The ongoing US-China trade war has not been good for small countries like Malaysia, he said, but if tensions could not be resolved, more companies might seek to expand their operations and capabilities in Southeast Asia, while shifting away from an overreliance on developed countries.

This would allow Malaysia and China to further expand their trading relationship, he said.

“Given that Asia is [where] people are looking to for trade and investment opportunities, I think these tensions give an additional impetus to companies, including those in China, to look at trade and investment from a different perspective.”

On Malaysia’s fiscal position, some observers have suggested the Mahathir administration took a big risk in its maiden budget by dipping too heavily into the coffers of state-run oil and gas company Petronas.

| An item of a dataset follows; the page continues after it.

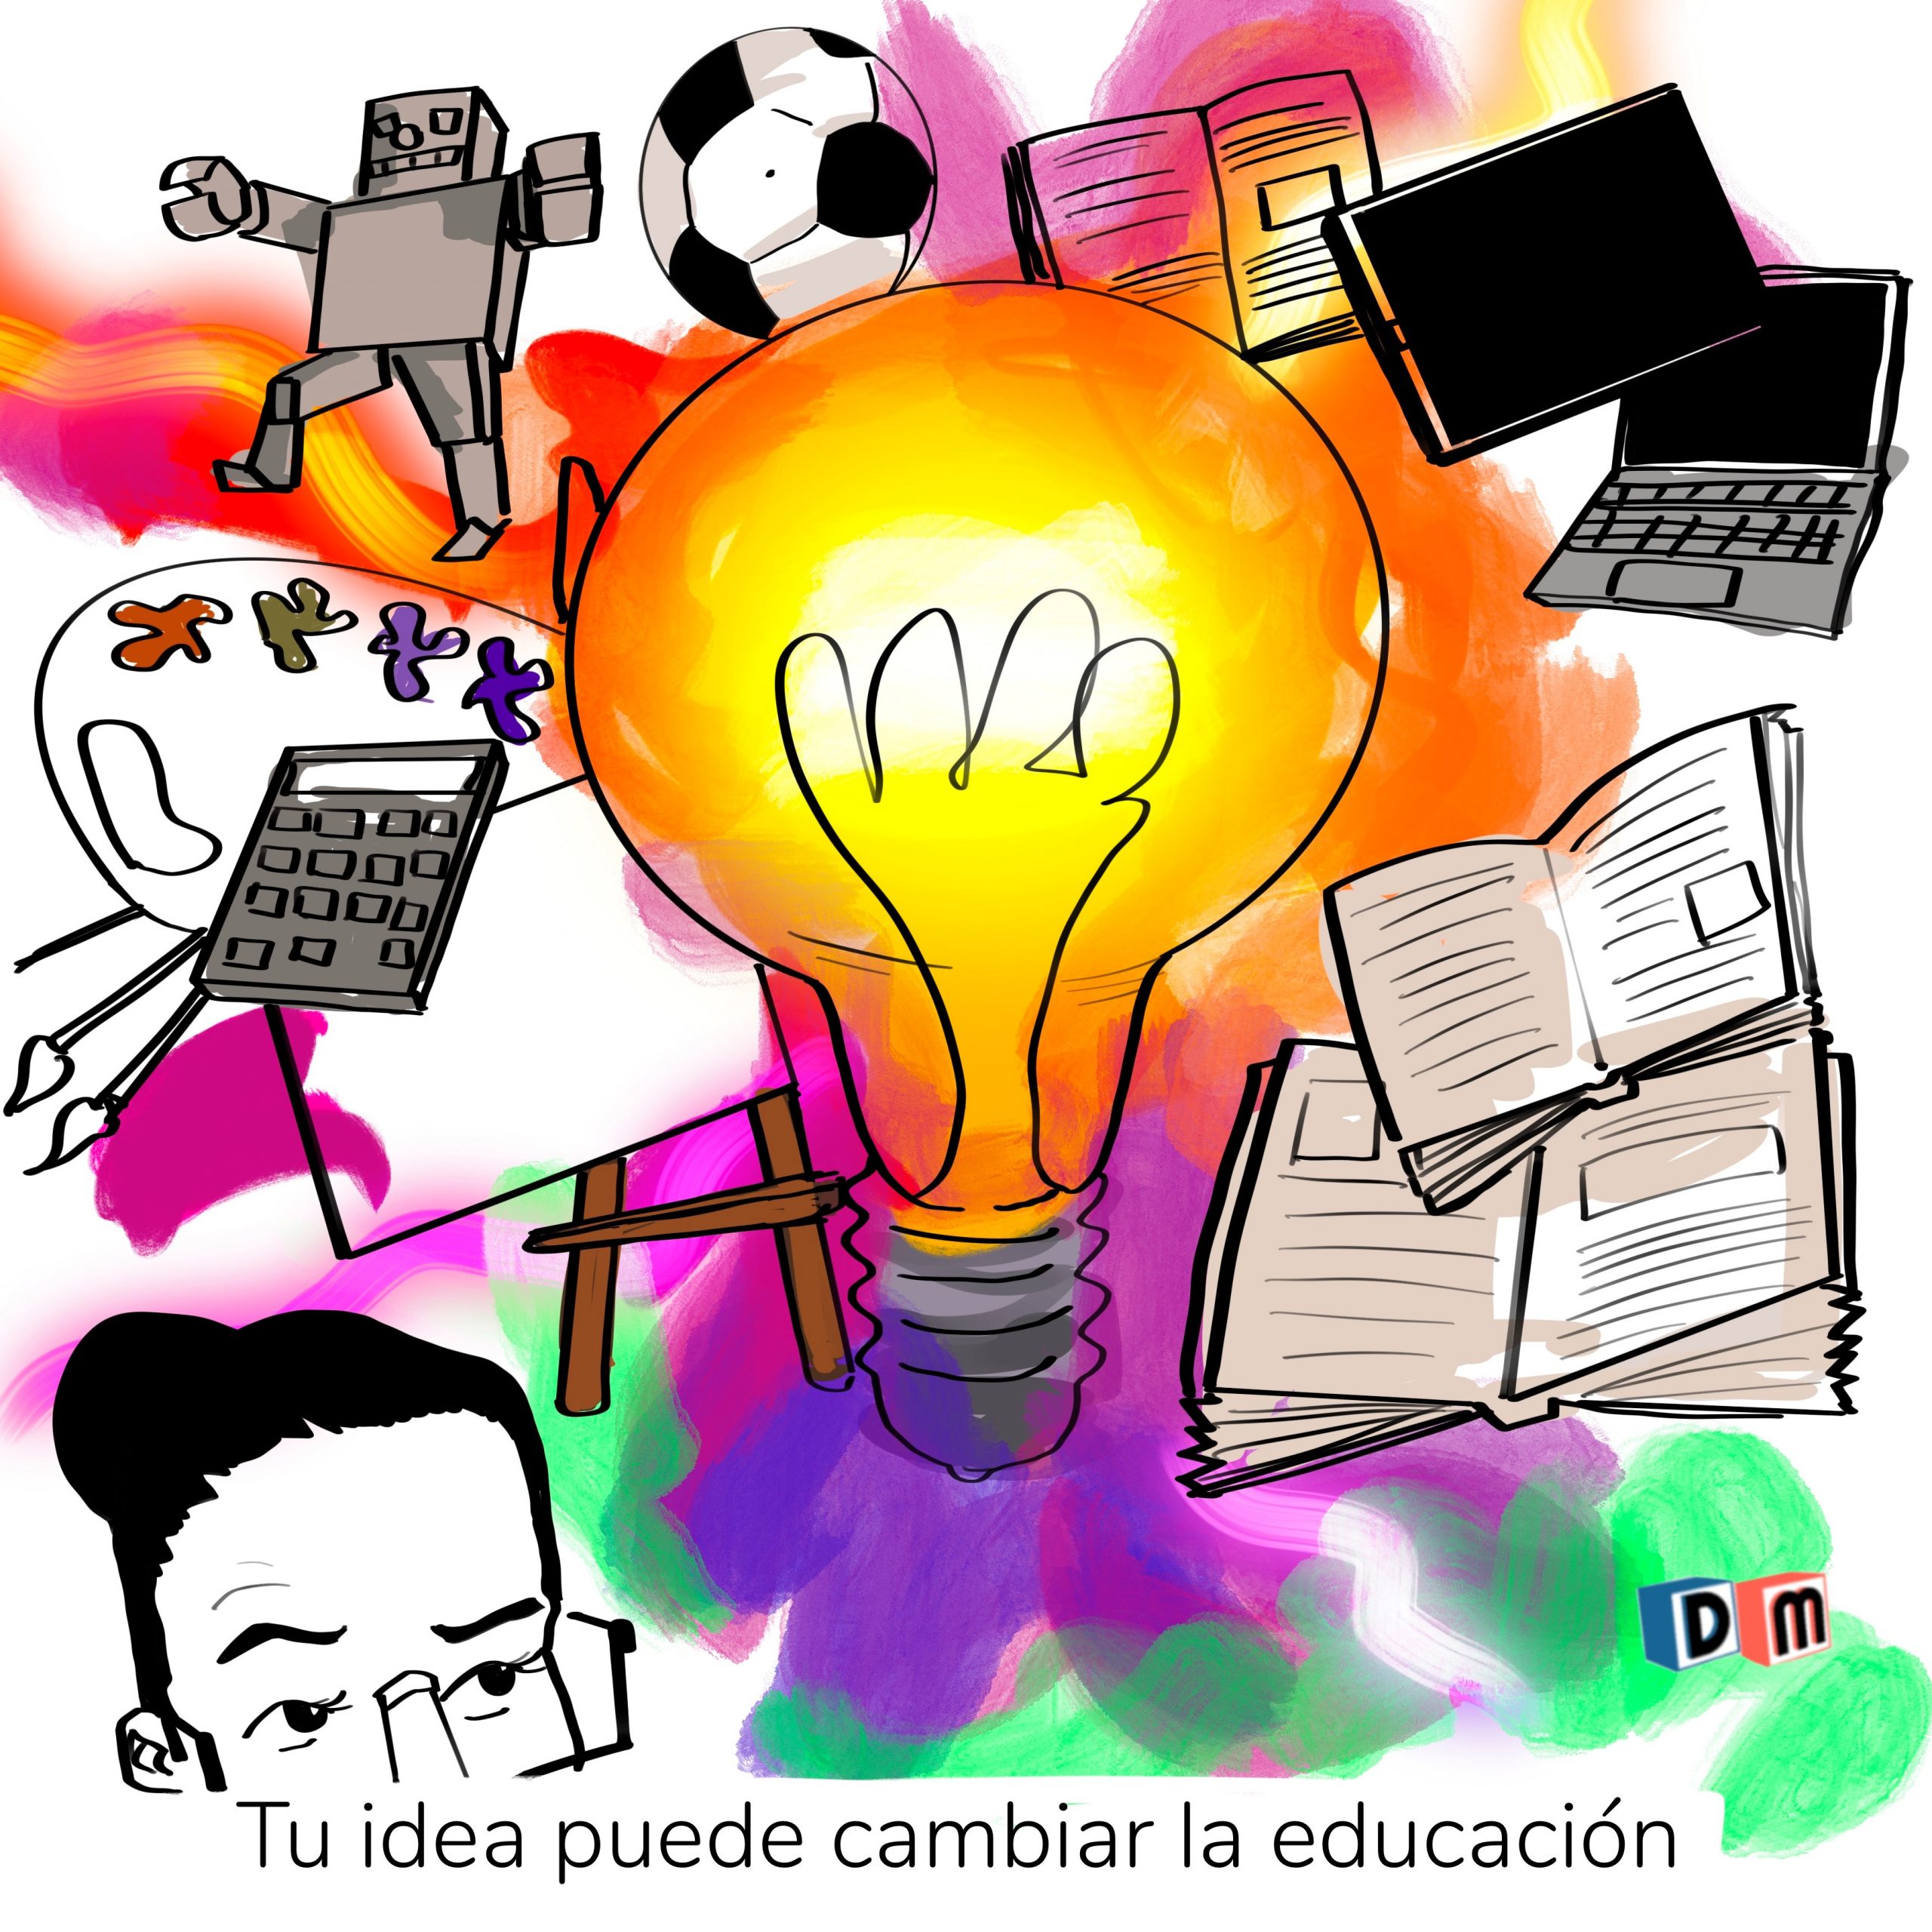 David Mora_Viñeta 36_Tu idea puede cambiar la educación

Contrary to recommendations to wean the economy off its reliance on oil revenue, Petronas paid 54 billion ringgit (US$13.28 billion) in dividends to the government, including a one-off payment of 30 billion ringgit. According to Ong, however, this will be scaled back in future.

“We relied on Petronas for a one-time payment … to pay back unrefunded GST as well as income tax refunds,” he said, referring to the unpopular goods and services tax imposed by the administration of scandal-tainted former prime minister Najib Razak, who is currently under investigation for a host of corruption charges.

“We see this as a way to not just help the Malaysian people but also small and medium enterprises … this is an indirect stimulus to the economy.”

Many of Malaysia’s current economic woes have been blamed on the previous administration. Photo: Reuters
Many of Malaysia’s current economic woes have been blamed on the previous administration. Photo: Reuters

Ong, who studied in Singapore under an Asean scholarship, said some of the political challenges that the neighbouring nations were currently facing – in regards to airspace and maritime issues – were normal for any countries that were closely interlinked, comparing Malaysia and Singapore’s relationship to that of the US, Mexico and Canada.

“What I am encouraged to see is the commitment from both sides to continue to negotiate and have very frank and open dialogues [on these issues] as well as the high-speed rail between Malaysia and Singapore,” he said.

“There is a long-term relationship between the countries, and deep economic ties … the flow of people, goods and services is something that is very important, and that relationship will only grow.”

And as Pakatan Harapan nears its one-year mark in government, Ong said it will continue to focus on its economic message. “At the end of the day we will be voted back into power depending on how well we do on the economy.”